In The Field—Conversations With Our Contributors: Christopher Gaumer

by Feb 25, 2025

Snake in the grass with its tongue out.

It’s always wonderful to have a graduate of our MFA program in Water~Stone! What sparked the creation of your poem, “On a Farm in Iowa?”

Hi, Jenn! It’s wonderful to be close to Hamline again through Water~Stone!

My family lived in Perry, Iowa until I was nine. My mom took my two older sisters and I to a farm just outside of town. I recall this being a trip where we were being given a bag of corn from church friends. At some point, we all stood in the long gravel drive beside a field of corn and watched a snake slowly consume a rather big frog. What I remember clearest is that the frog’s head was inside the snake’s mouth, the frog was not totally dead, and it took a very long time to swallow the frog. We maybe even left before the meal was complete.

The line, “old gravel road corn field killing, church friends,” lingers in my mind with this sharp edge. Can you talk about why you placed these phrases beside each other, and about the layered relationships that appear in this poem?

This is a description of the literal action of the moment and also, I realize, an image that begs one to draw more associations. This type of layering is why I love poetry. I crave ideas that are clear on the literal level and deeply suggestive. 

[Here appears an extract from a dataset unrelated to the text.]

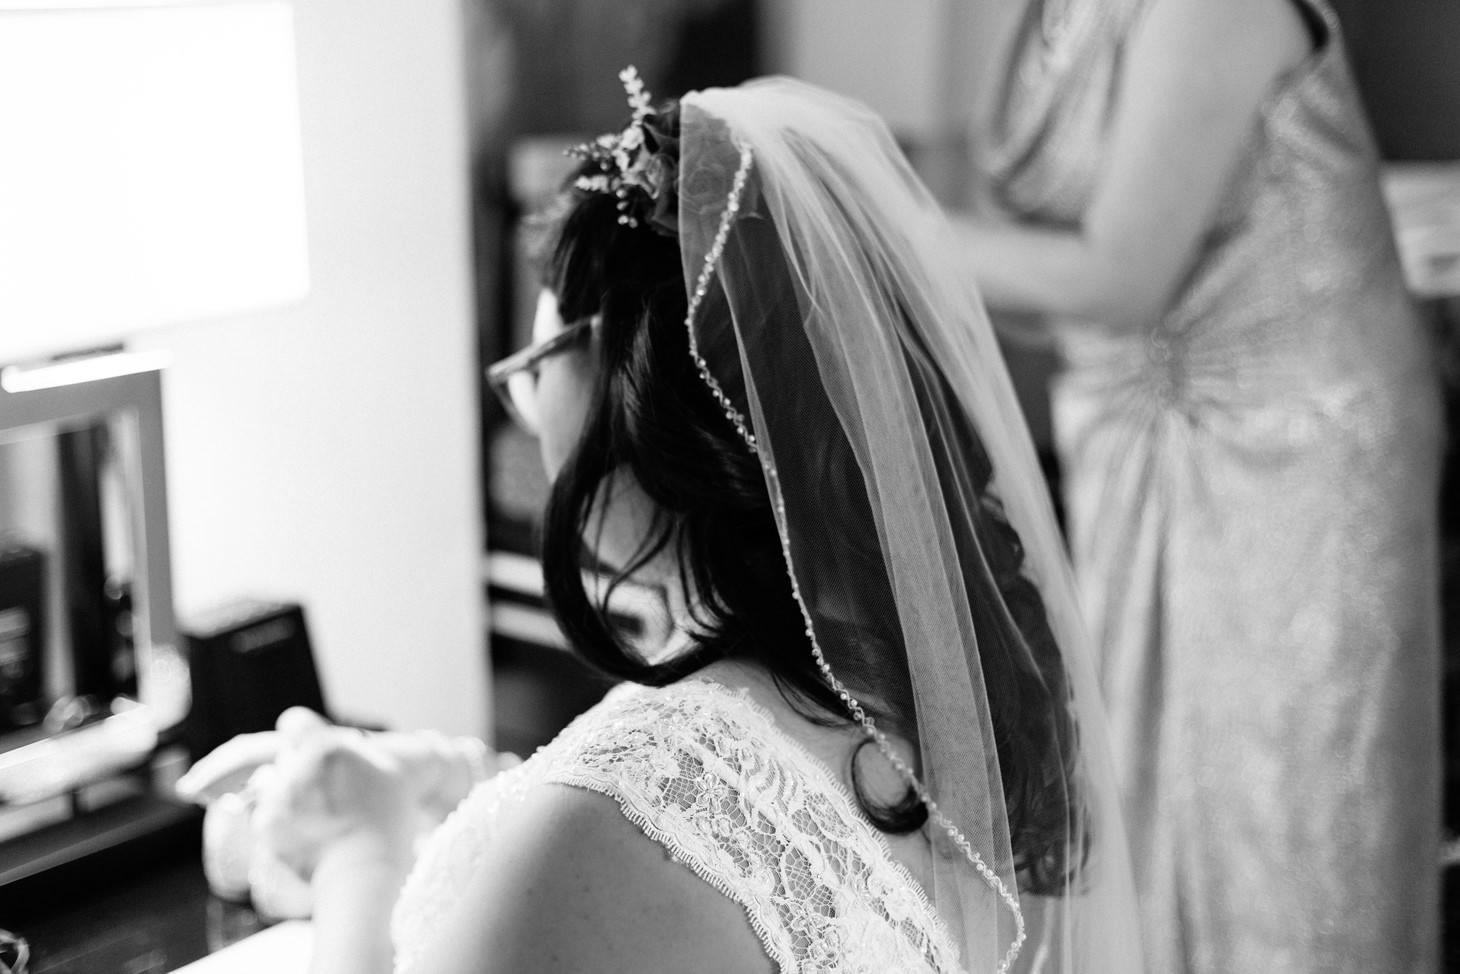 015-nyc-wedding-portrait-photographer-times-square-muse-hotel-winter-wedding-smitten-chickens.jpg

There’s a theme of consuming within this poem—the snake and the frog, the corn, Seth and the narrator. How did you develop this thread in your work? What other themes do you find that your work revolves around?

The honest answer is that I did not consider this theme during the writing or revising of this poem. This is how I like to work in general: revise until the poem is surprising and a bit beyond what I understand.

You teach at Randolph college. What is a piece of writing advice that you always give to your students?

Risk huge leaps of logic because they activate the reader’s imagination to invent narrative connections. 

What stories or books inspire you? Who are some of your favorite authors? 

Bianca Stone, Diane Suess, Gary Dop, Karl Ove Knausgård

What are you currently working on?

I have a completed poetry manuscript titled M O N S T E R on submission. Writing wise, I’m working on a feature film script and ramping up, with a whole crew of people, to direct a music video for a band, New Boss, out of Charlottesville, VA. 

 

Christopher Gaumer‘s poetry and creative writing appear in The Southern Review, Sugar House Review, No Tokens, The Cortland Review, McSweeney’s and elsewhere. Gaumer won the 2019 Poetry Society of Vermont’s National Poetry Prize and has fiction in the Best Microfiction 2019 anthology. Gaumer writes and directs films and music videos. He is a founding director of the Randolph College MFA and a graduate of the Hamline University MFA program.